**Data provided:**

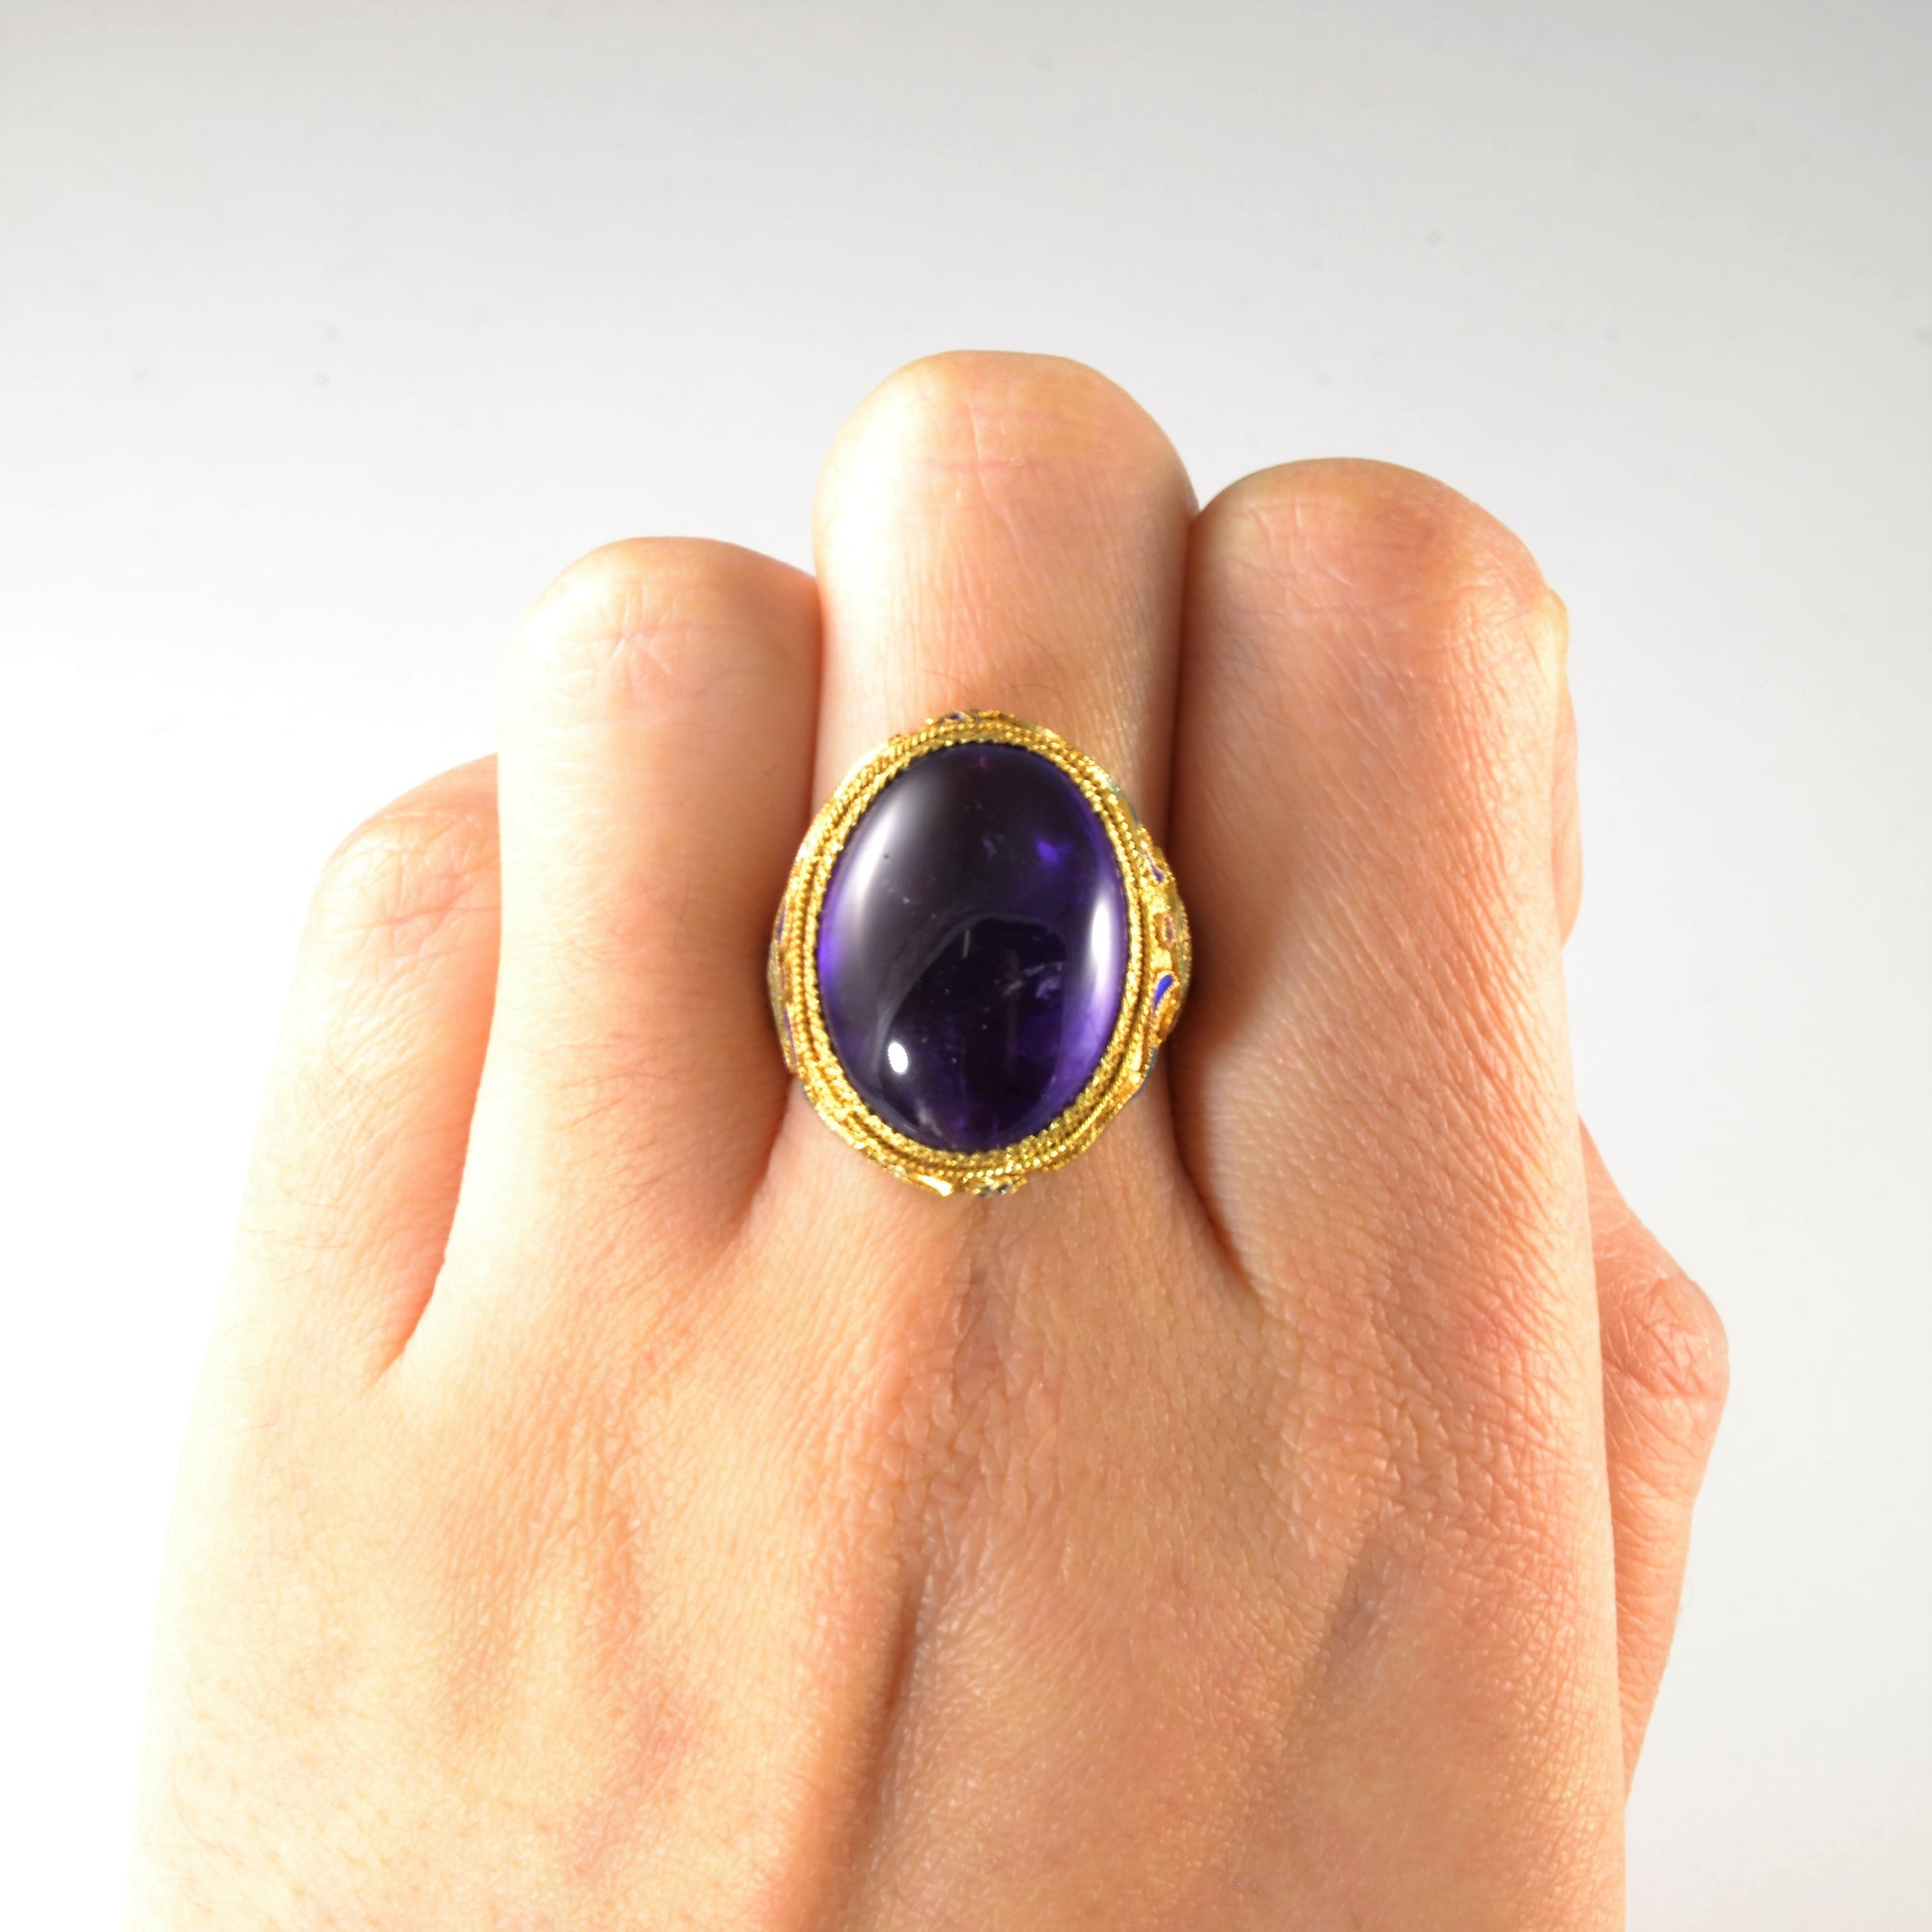 Enameled Amethyst Cocktail Ring | 14.00ct | SZ 7 |
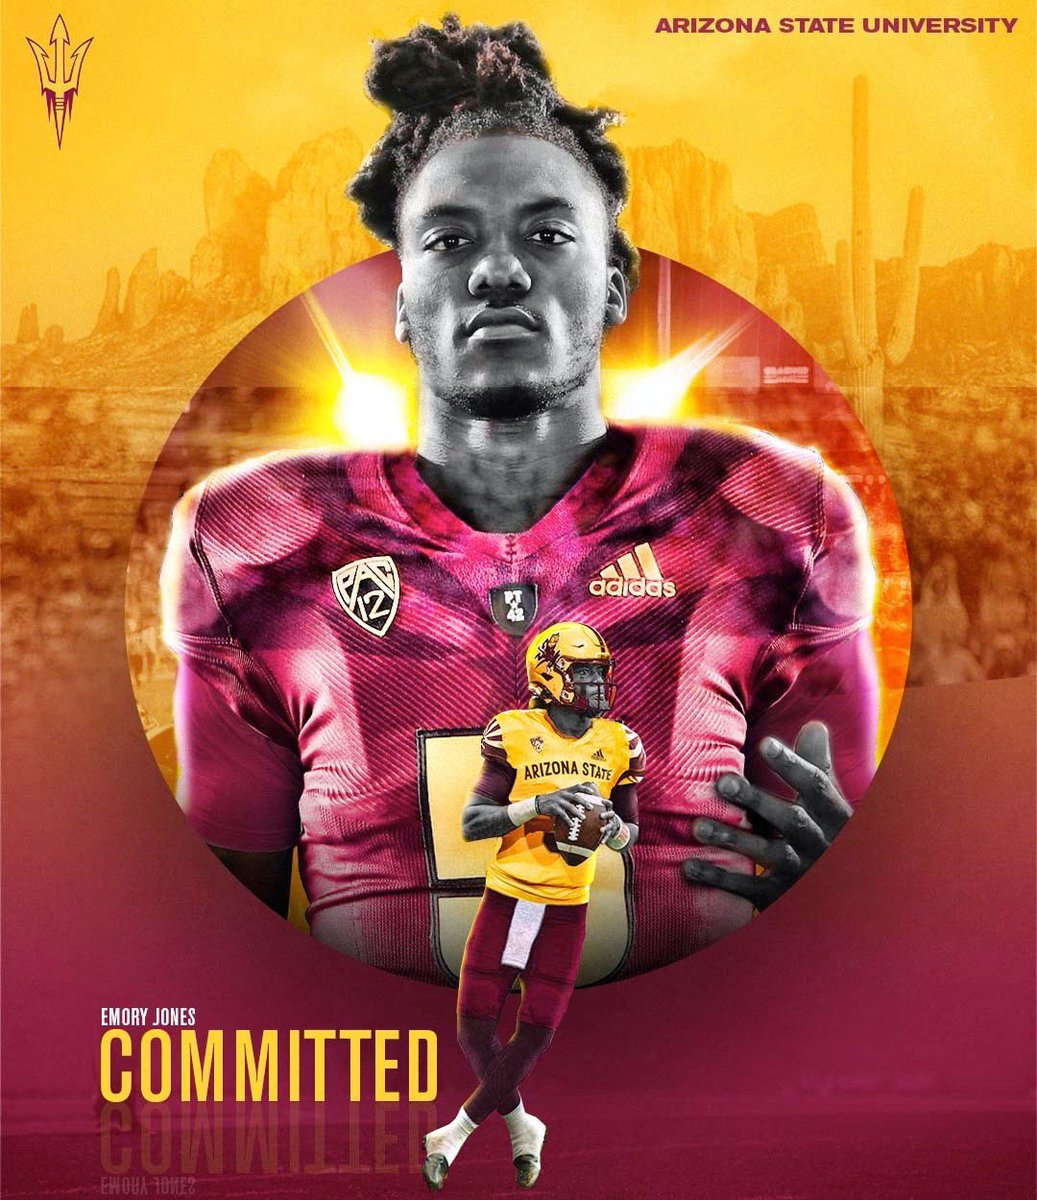 #ForksUp 🔱 Let’s get it!!
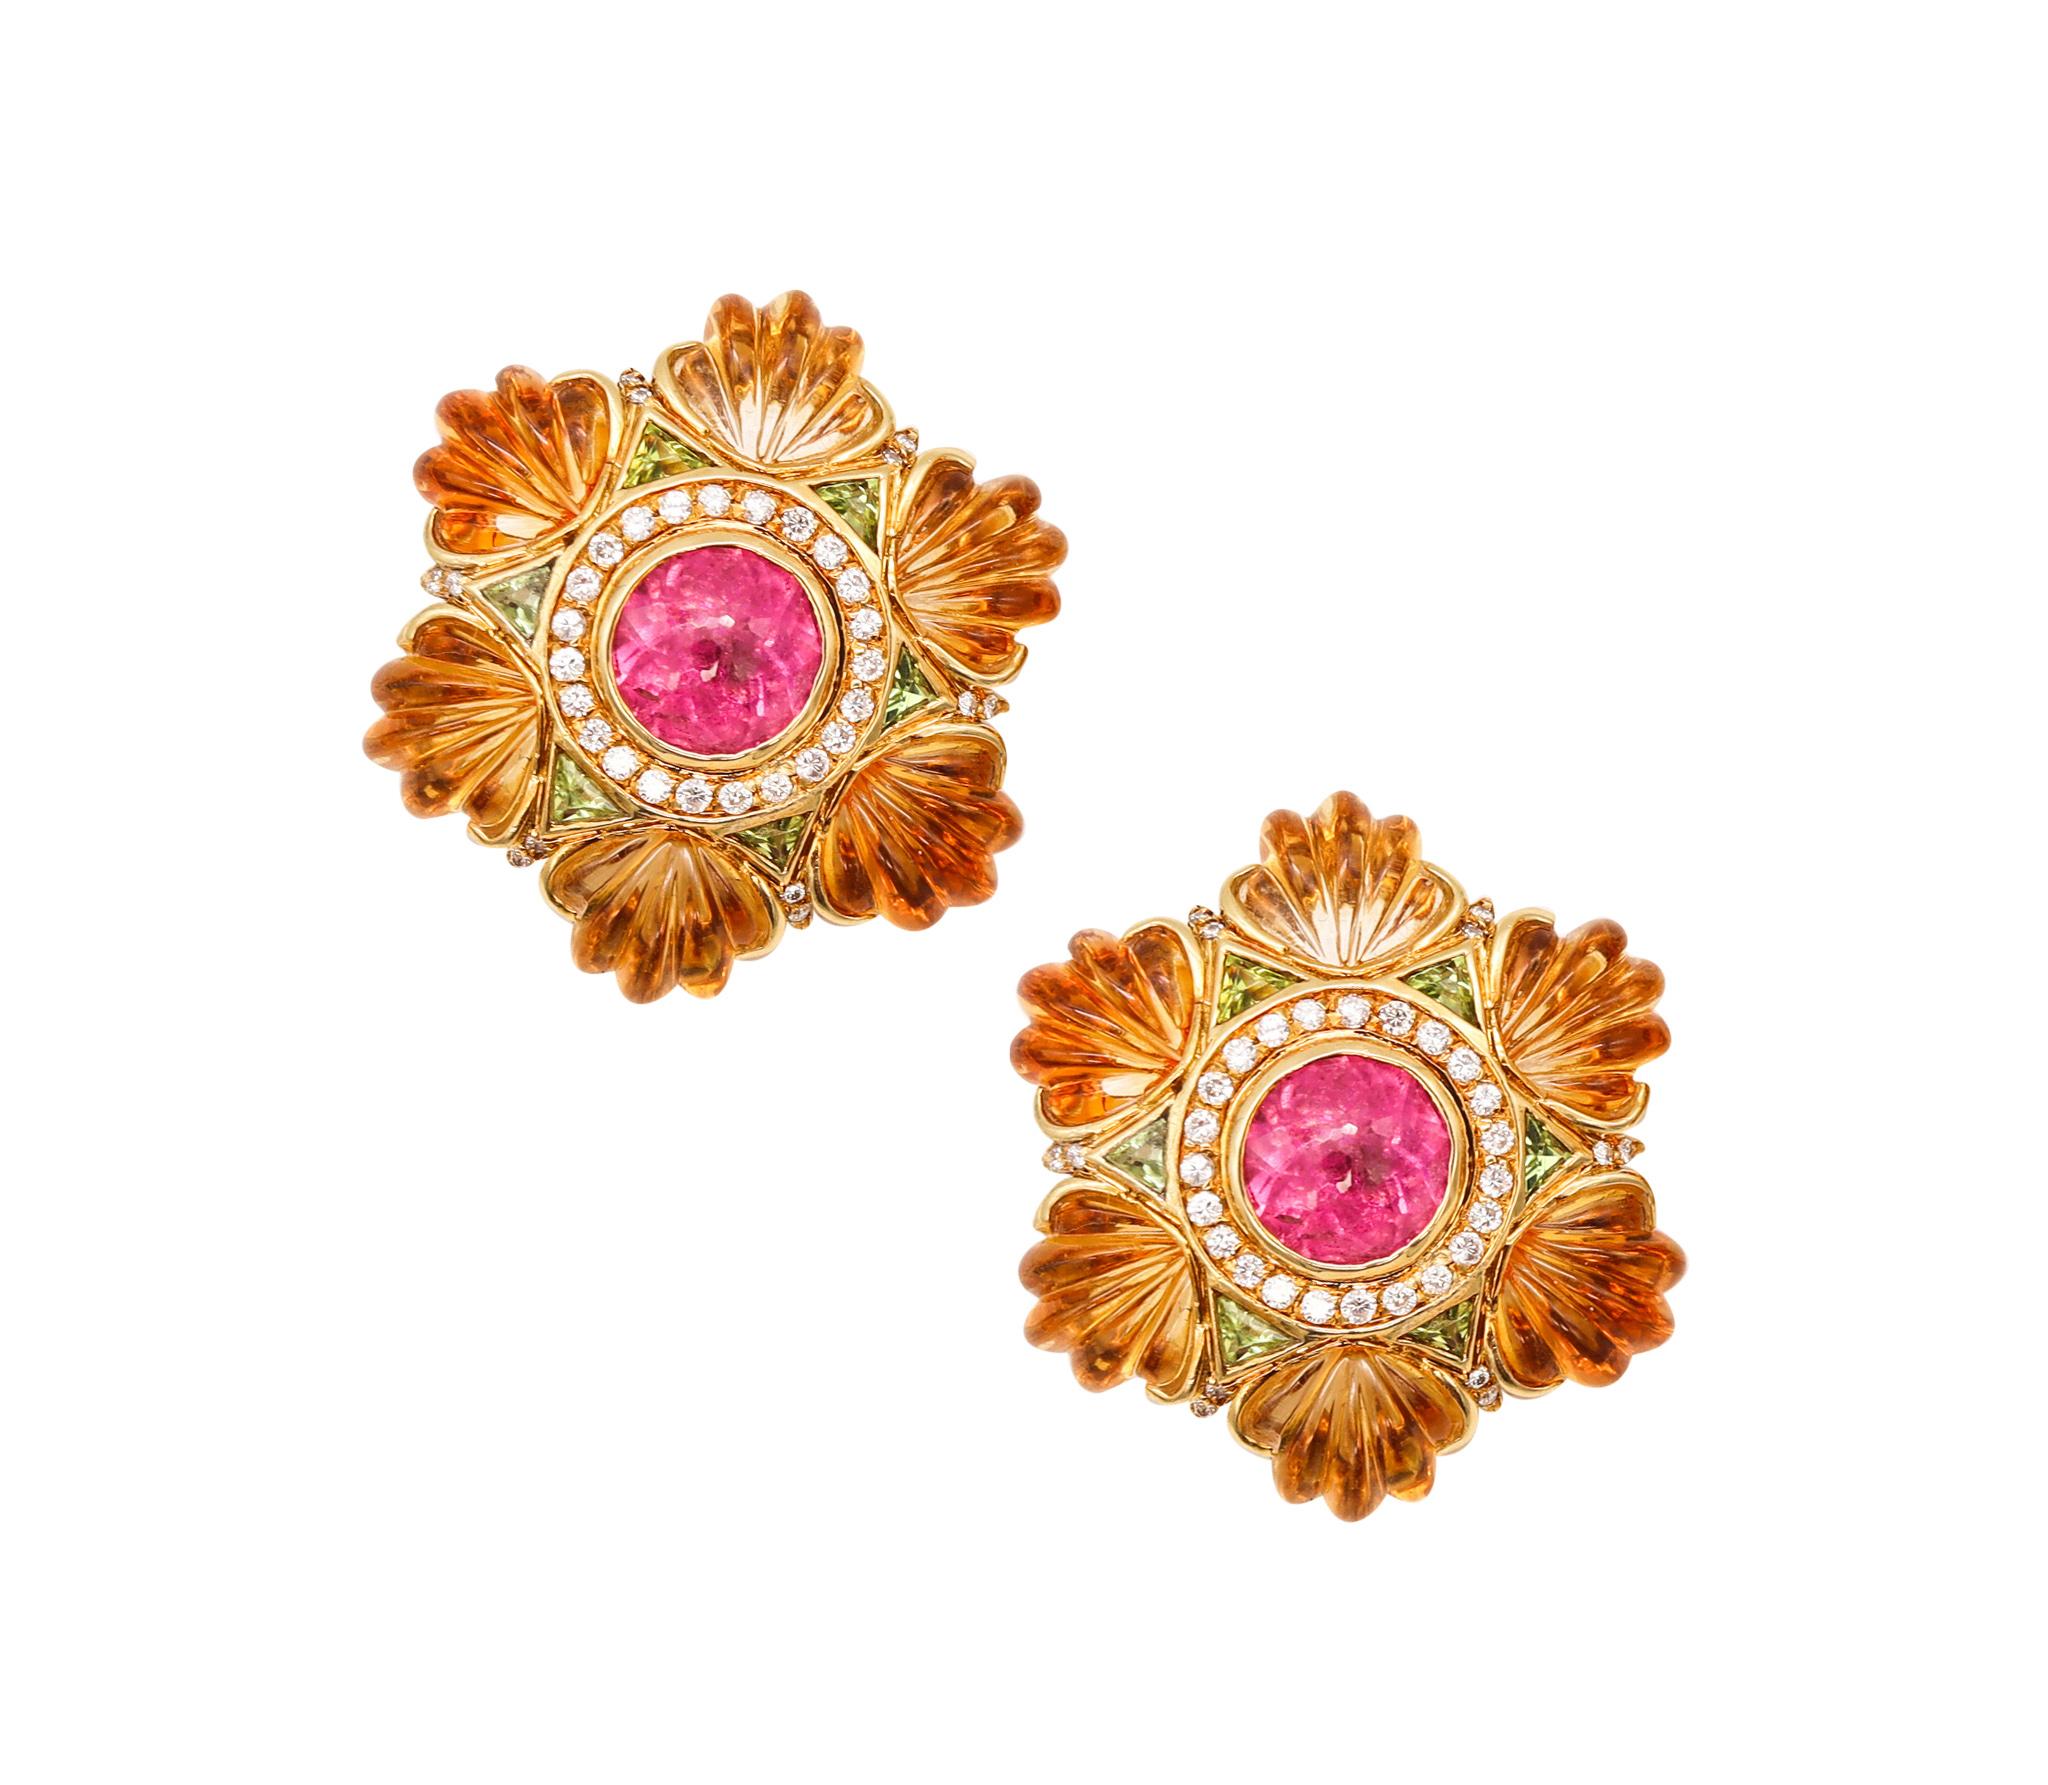 Beautiful pair of earrings designed by Roberto Legnazzi.

Colorful and elegant vintage pair of gem set clusters earrings, designed in Valenza, Italy by the jewelry Atelier of Roberto Legnazzi. They was carefully crafted in solid yellow gold of 18

**What this task involves:**
Your task is to restate word for word the lines from the top of the data to the line containing "Beautiful pair of", both ends included, with every picture left out.

**Answer to the exercise:**
 Enameled Amethyst Cocktail Ring | 14.00ct | SZ 7 |
 #ForksUp 🔱 Let’s get it!!
 Beautiful pair of earrings designed by Roberto Legnazzi.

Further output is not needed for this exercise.